Et donc, cette Brigades des souvenirs, qui en est à son troisième tome, nous fait découvrir Theo, Alban et Tania, trois amis qui partagent une passion : celle d’aimer les objets qui parlent et racontent le passé, et de tenter, ensuite, de renouer les fils de ces passés plus ou moins lointains… Ce qui les entraîne à user de leurs talents de détectives en herbe, des ressources de l’internet, et de l’aide de quelques adultes amusés par cet attrait qu’ont des enfants à chercher dans le présent la suite de quelques passés inattendus.

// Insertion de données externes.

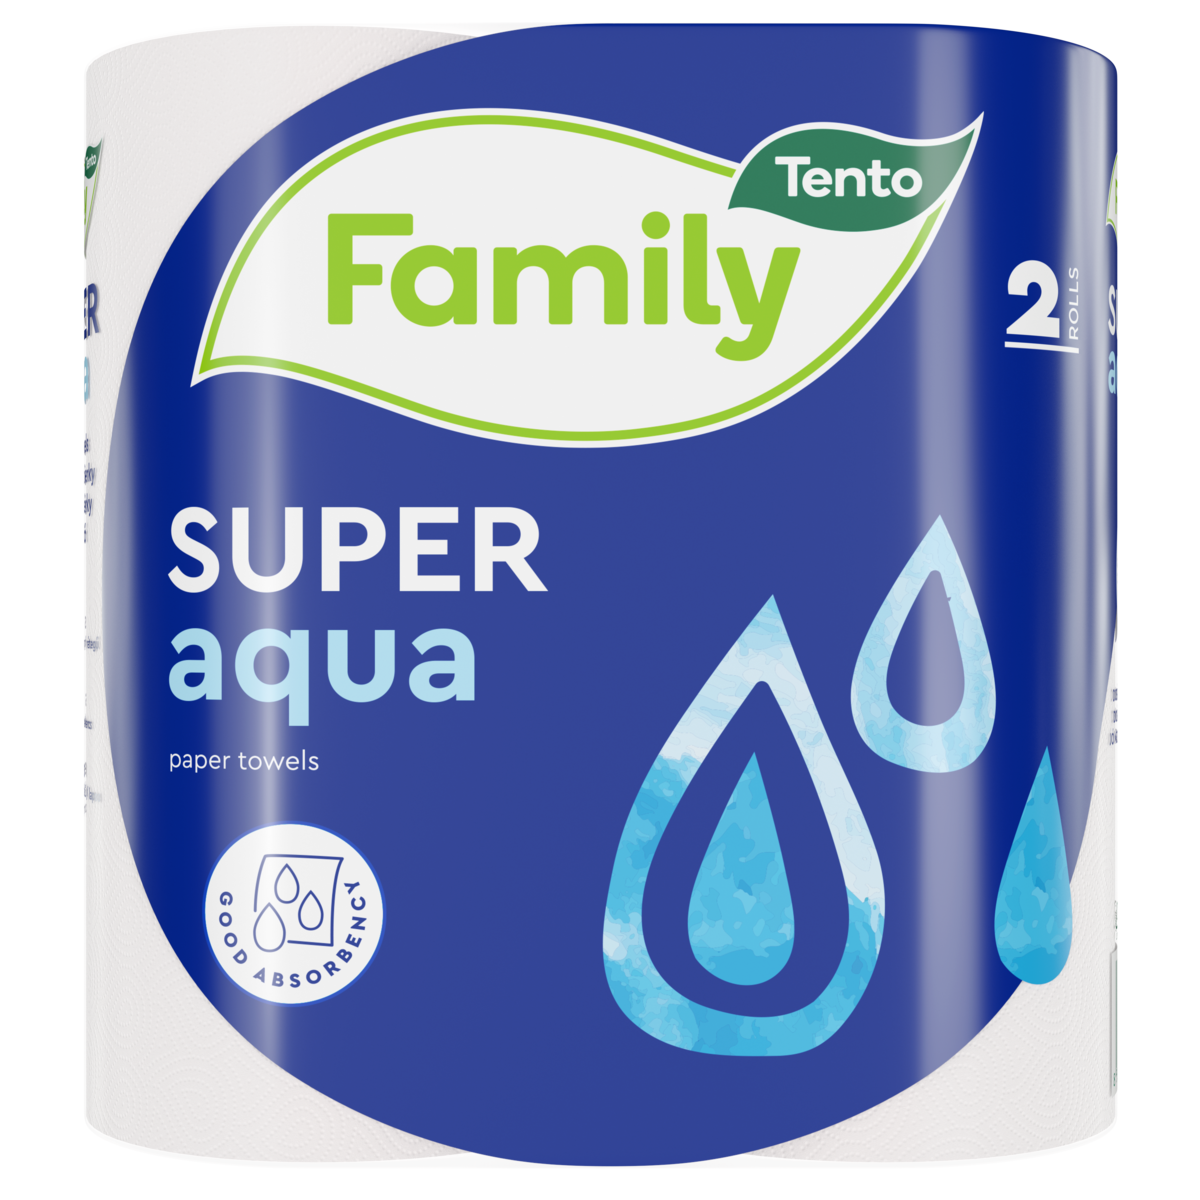 Tento Family Super Aqua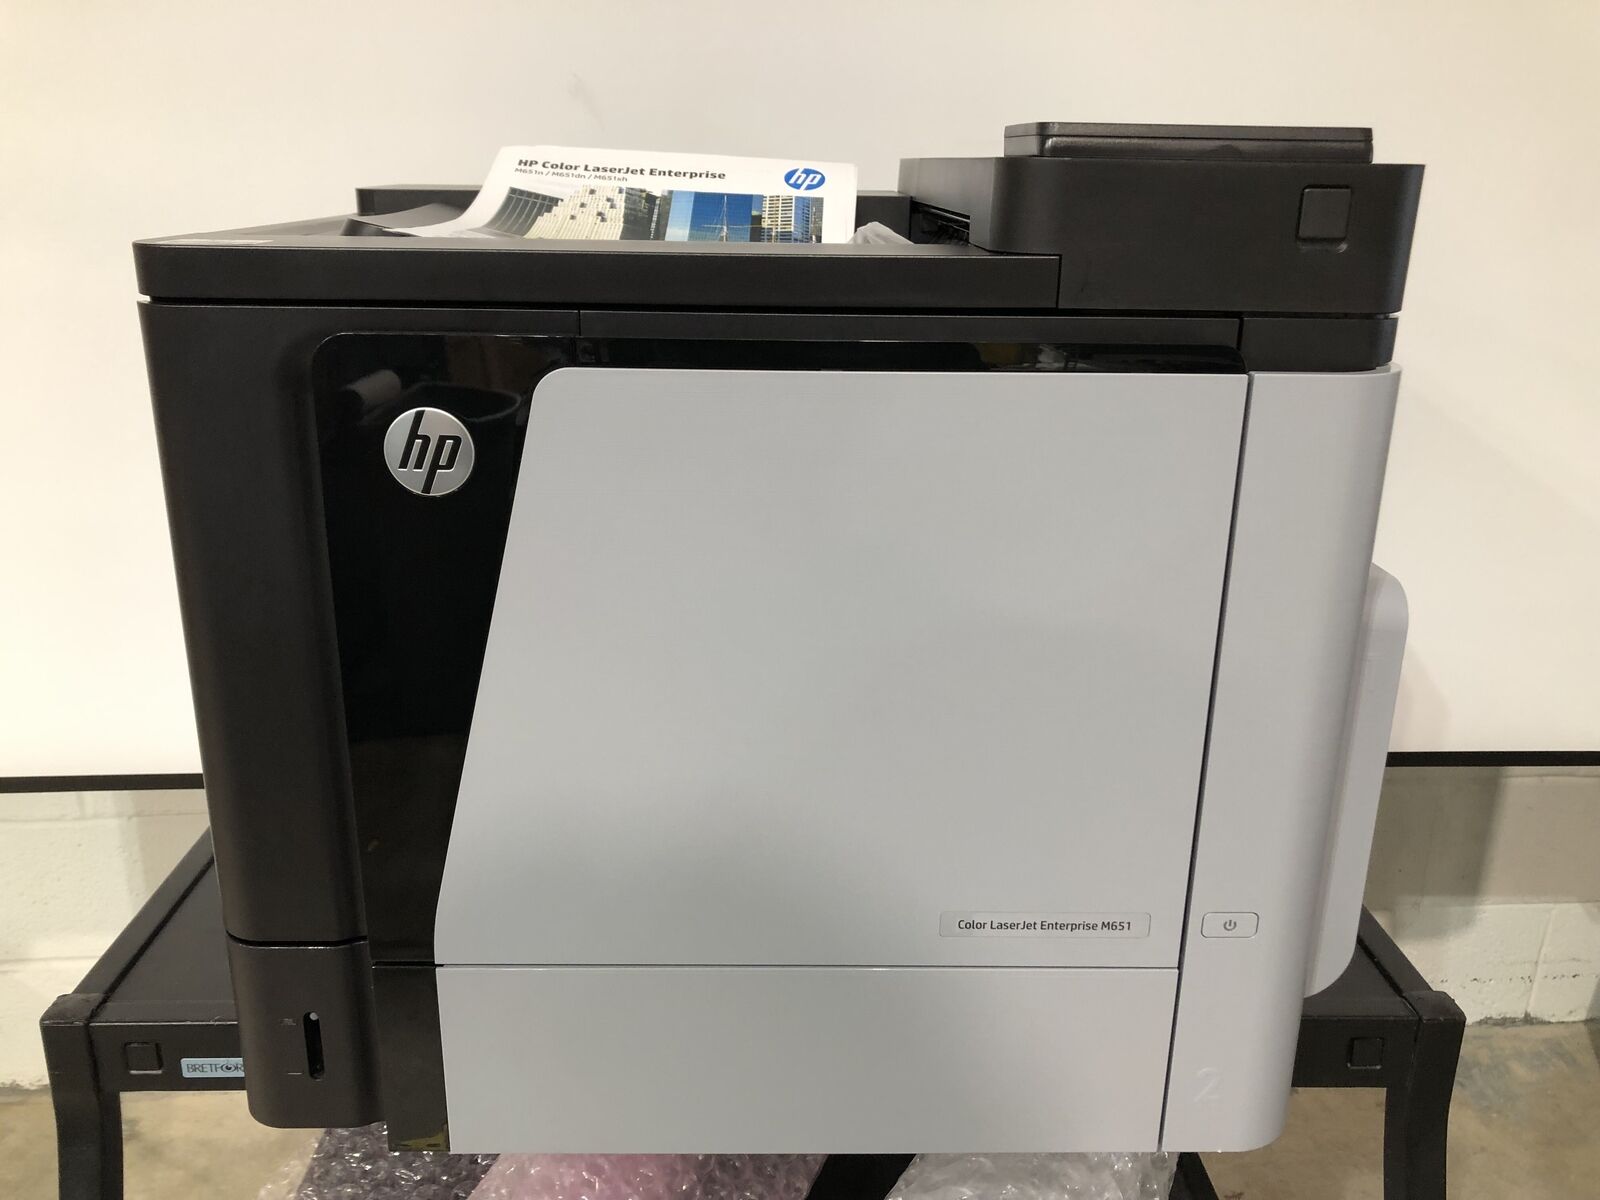 HP Color LaserJet Enterprise M651 Workgroup Laser Printer with 119K Pgs TESTED

La mémoire a besoin de supports… Pour être transmise, pour qu’aucun passé n’ait à subit, définitivement, la loi du silence et de l’absence… Les objets leur deviennent ainsi des points de départ aux mille mystères…

Marko: les objets et leurs mémoires

Et nous en sommes au troisième album, déjà… Dans leurs deux aventures précédentes, cette recherche de passés qui ne leur appartiennent pas les a conduits dans l’époque de la première guerre mondiale, d’abord, avec une histoire d’amour qui mettait en lumière la place des femmes en 14-18. Dans le deuxième, nos trois comparses découvraient des horreurs très proches d’eux, celle des « Enfants de la Creuse », réalité française des années 60 à 80, qui a vu des enfants réunionnais enlevés à leur famille pour venir pallier une natalité trop faible dans des zones rurales françaises… Des sujets graves… Et dans ce troisième épisode, c’est une voiture qui devient la base de leur « enquête ».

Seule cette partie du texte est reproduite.